Maybe one of those cages would have her name on it if she sought answers so close to the full moon. Possibly Paxton was here for a reason altogether different than she assumed.
But having Paxton and a dangerous trespasser here at the same time was bad news any way he looked at it. And if, without knowing it, Paxton had arrived in time to set her wolf free, and Andrew Hall had sent her, then he owed her father another round of respect for executing that plan so perfectly.
Pushing the truck to eighty on the open road, Grant voiced one more thought before vowing to shut his mind down. He spoke a final word to Paxton through clenched teeth.
“I’ll be here for you, no matter what you think of me.”

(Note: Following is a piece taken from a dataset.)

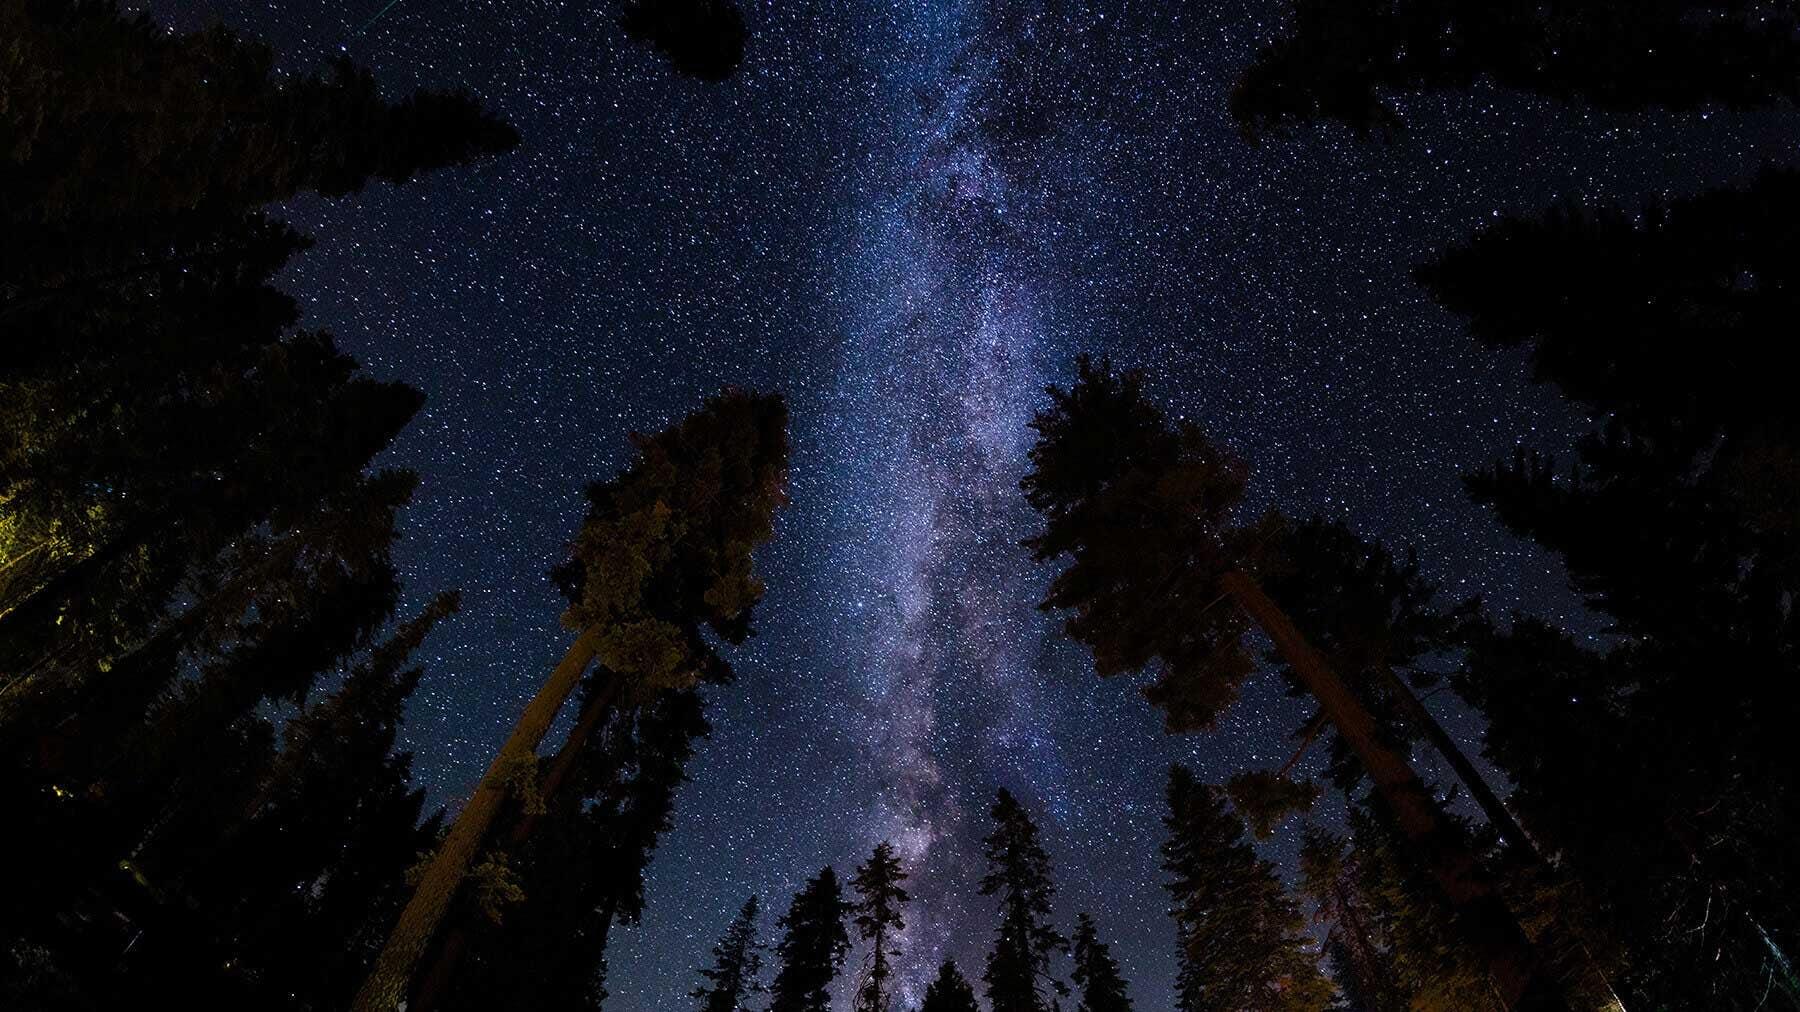 Starry skies at Voyageurs National Park

And then, hearing the echoing report of gunshots, he jammed on the brakes.
* * *
Minutes had gone by since Grant had left her, and as luck would have it, the proprietor of the motel had a car to rent. It was an old station wagon, the likes of which Paxton had only seen on late-night TV.
Dressed in an old T-shirt and jeans, she plugged into her cell’s GPS and drove along the highway for several miles before turning off on a smaller, unsigned road where she lost sight of other cars. Desperado wasn’t in her GPS app, but the ranch next to it was. If she was careful, she might avoid Grant Wade’s current residence and find Desperado on her own, though darkness might make locating the entrance to the town difficult.
Her goal, though, was to spy on Mr. Grant Wade.